• **PROBLEM TO WORK ON**
Extract the full listing verbatim and drop any pictures from your copy.

• **DATA BLOCK**
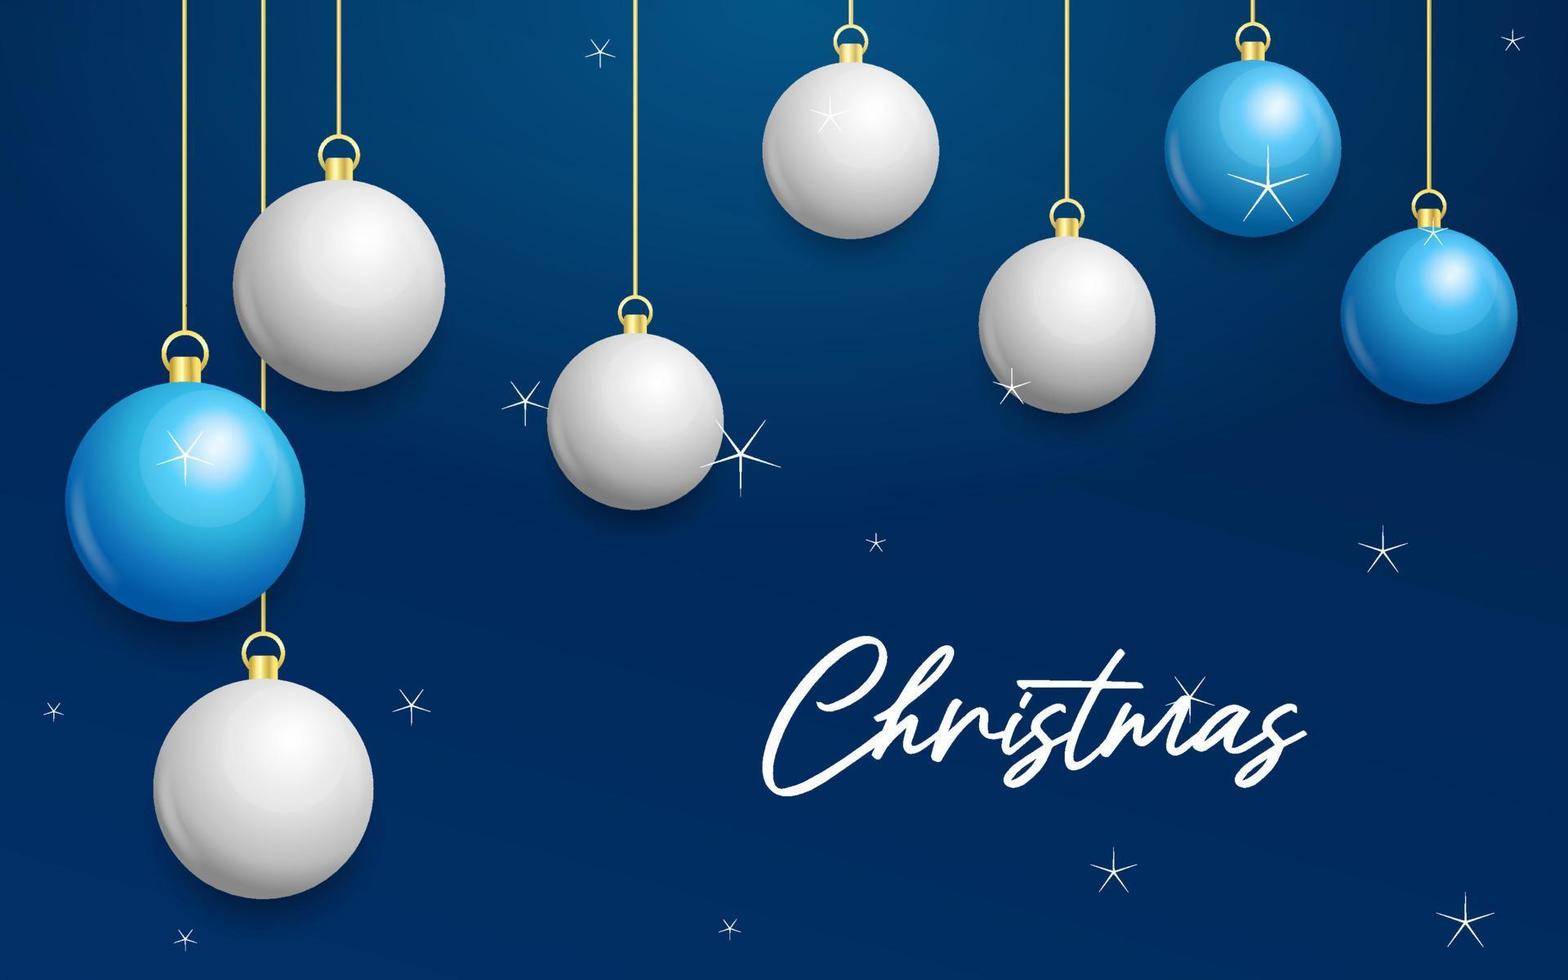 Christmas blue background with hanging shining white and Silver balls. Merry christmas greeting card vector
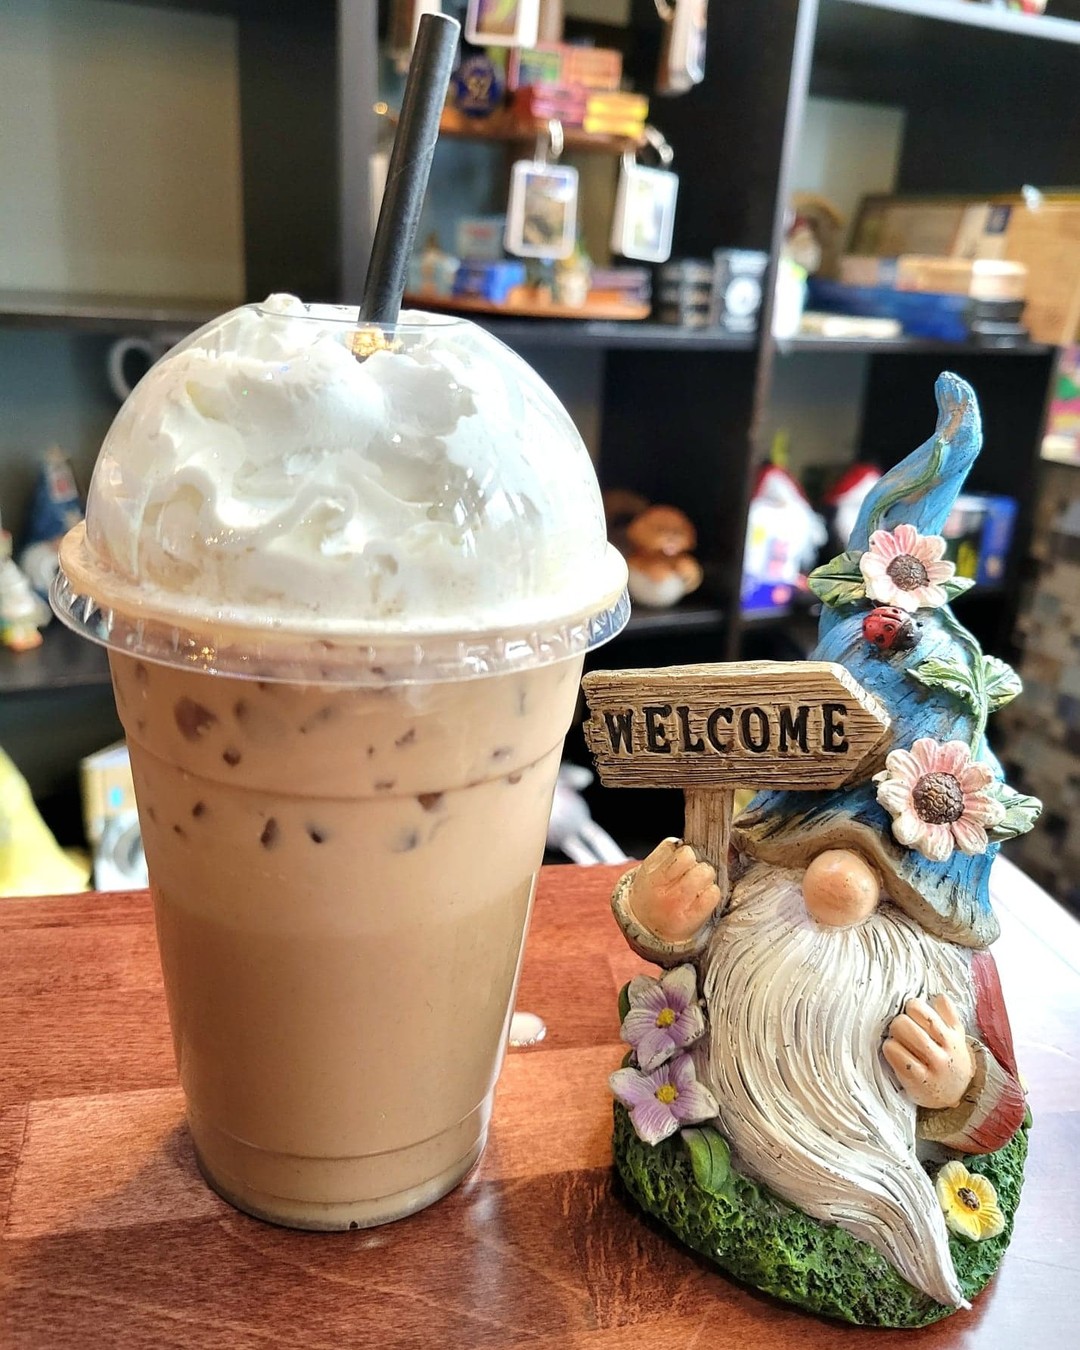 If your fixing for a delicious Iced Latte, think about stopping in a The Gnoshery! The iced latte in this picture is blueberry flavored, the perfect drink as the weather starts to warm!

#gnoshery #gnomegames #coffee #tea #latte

• **SOLUTION FOR THIS TASK**
 Christmas blue background with hanging shining white and Silver balls. Merry christmas greeting card vector
 If your fixing for a delicious Iced Latte, think about stopping in a The Gnoshery! The iced latte in this picture is blueberry flavored, the perfect drink as the weather starts to warm!

#gnoshery #gnomegames #coffee #tea #latte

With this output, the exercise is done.